His health and human services secretary, Alex M. Azar II, has gone further, endorsing an expansion of what is known as medication-assisted treatment and saying he wished to “correct a misconception that patients must achieve total abstinence.” Speaking in February at a gathering of the National Governors Association, Mr. Azar said that addicts “need medicine to regain the dignity that comes with being in control of their lives.”
But that approach is not embraced by everyone in the Trump administration, and it is not clear where the White House will ultimately land on the matter of medicinal intervention. A notable advocate of abstinence is Attorney General Jeff Sessions, who invokes language borrowed from the long-ago “war on drugs” in framing substance abuse as a moral failing. Echoing verbatim the phrase made famous in the 1980s by Nancy Reagan, then the first lady, Mr. Sessions said in October that “we’ve got to re-establish, first, a view that you should just say no. People should say no to drug use.”
That’s probably reasonable advice to an adolescent who has yet to so much as puff on a marijuana joint or take a swig of booze, said Thomas McLellan, who was deputy director of the Office of National Drug Control Policy in the Obama administration. But it’s another story with someone already on drugs. “If you’re talking about a person who’s addicted to opioids and is in a very bad situation, ‘just say no’ is perfectly ridiculous,” Mr. McLellan told Retro Report.
He was equally dismissive of those who regard methadone maintenance and other regimens as no more than crutches that substitute one form of dependency for another. “As a matter of fact, they are a crutch,” he said. But he added, “They make crutches for people who are having trouble standing on their own.” The treatments are no different from, say, insulin injections for diabetics, guiding people through troubled moments when they are “very vulnerable to relapse.”
“They’re an insurance policy,” Mr. McLellan said. More to the point, he said, “they reduce craving and, most importantly, they prevent overdoses.”
Along that line, the vaccine being developed by Dr. Matyas, which is intended to be effective as well against H.I.V., the virus that causes AIDS, would in theory block heroin from reaching the brain and binding to protein receptors there. Thus it would (a) eliminate, or at least appreciably minimize, the euphoria that the drug produces in users who relapse, and (b) end the risk of respiratory depression that accompanies an overdose, causing the addict to stop breathing.
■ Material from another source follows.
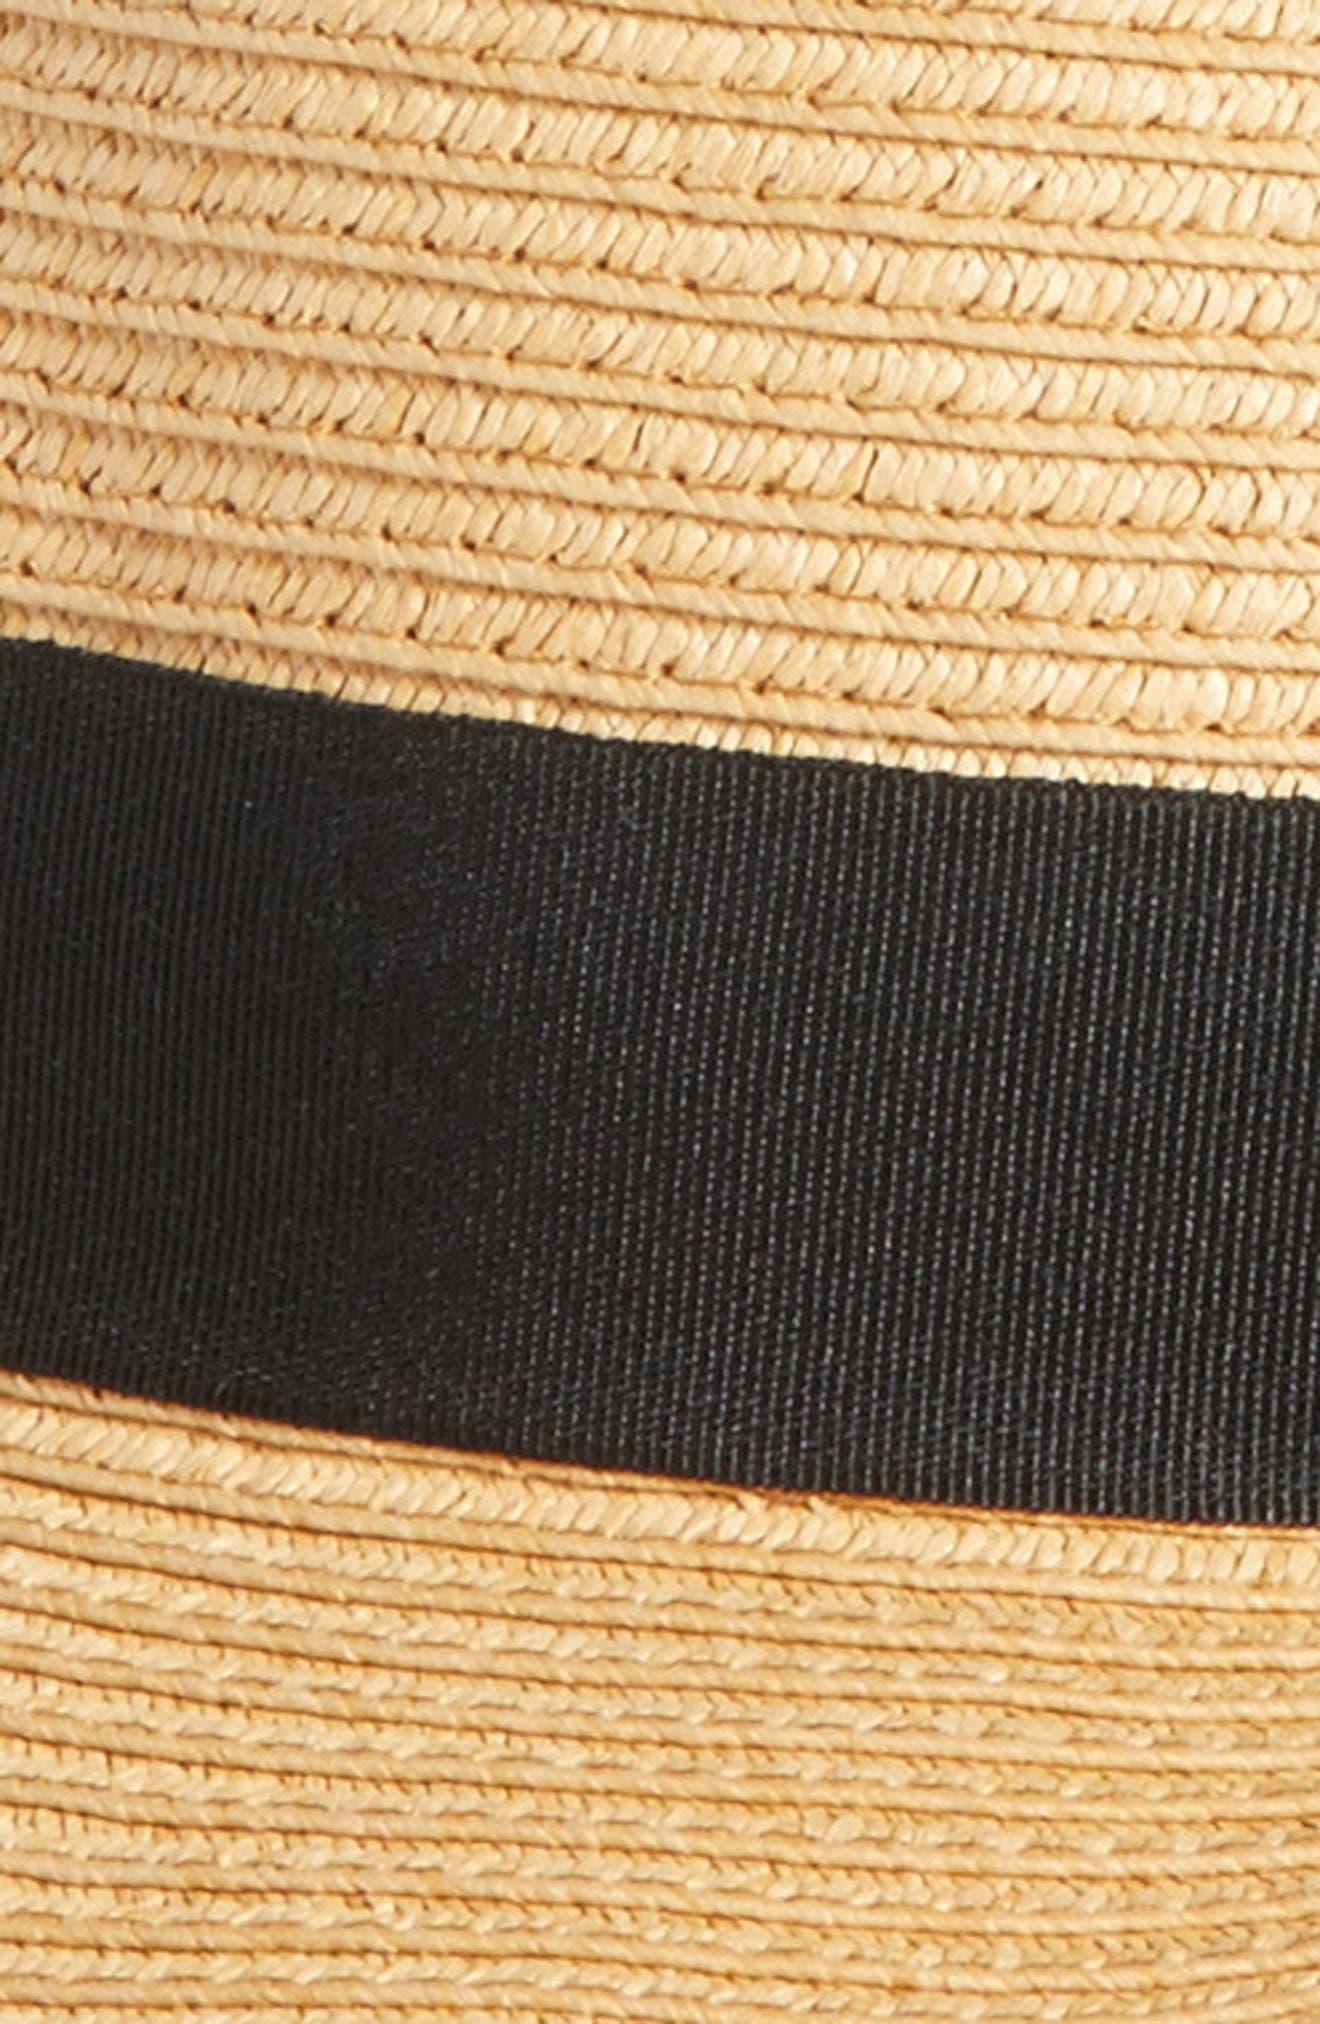 Straw Boater Hat,                             Alternate thumbnail 2, color,                             Tan Dark Natural
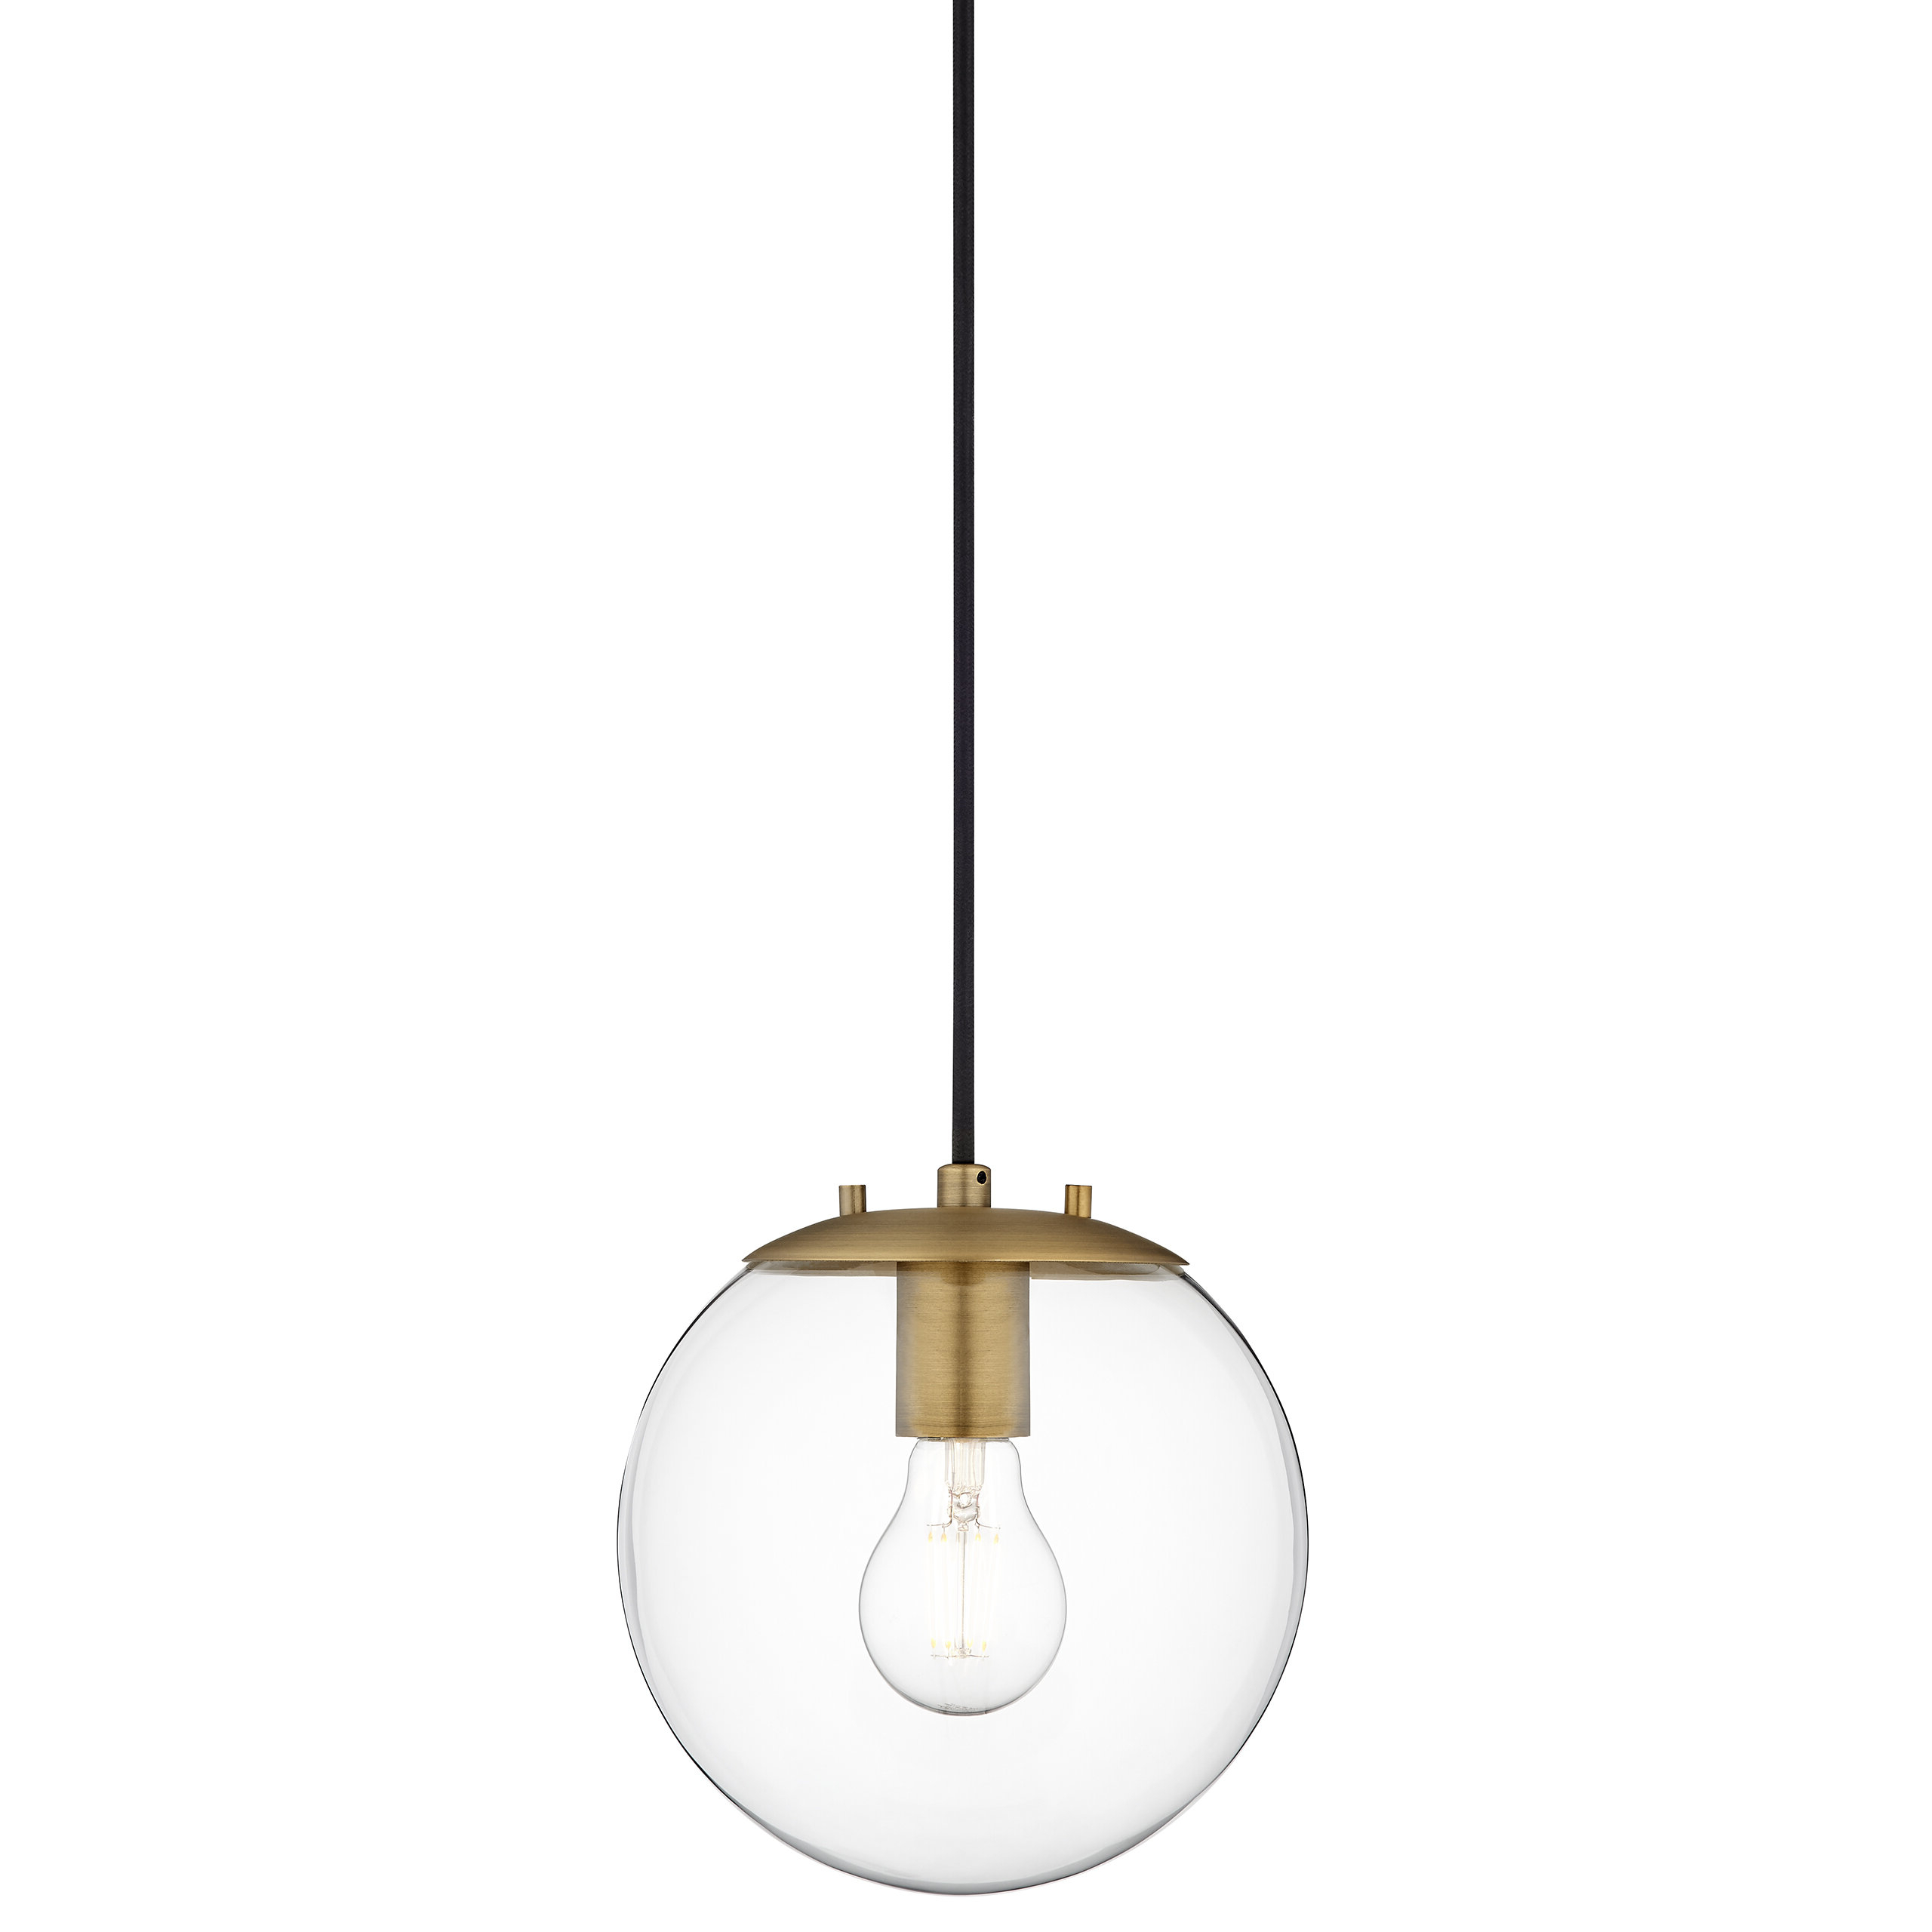 Most Recent Cayden 1 Light Single Globe Pendants Intended For Wysocki 1 Light Single Globe Pendant (View 12 of 25)

While it will take years for his discovery to be tested thoroughly and approved by the federal authorities, Dr., Matyas has faith in the potential to help turn this crisis around. In that vein, he invoked a famous addict, the actor Philip Seymour Hoffman, who died in 2014 having succumbed to what was believed to be a lethal mixture of heroin and other drugs.
The vaccine would not end an addict’s craving for opioids, the immunologist said. As with Mr. Hoffman, relapses are to be expected, and the vaccine would have to be re-administered at regular intervals. But by keeping users from getting high, the medication would greatly reduce the risk of overdoses. That’s the “true vision” of the vaccine, Dr. Matyas said: to ward off the pattern of relapse and overdose that killed Mr. Hoffman and ended a great stage and film talent.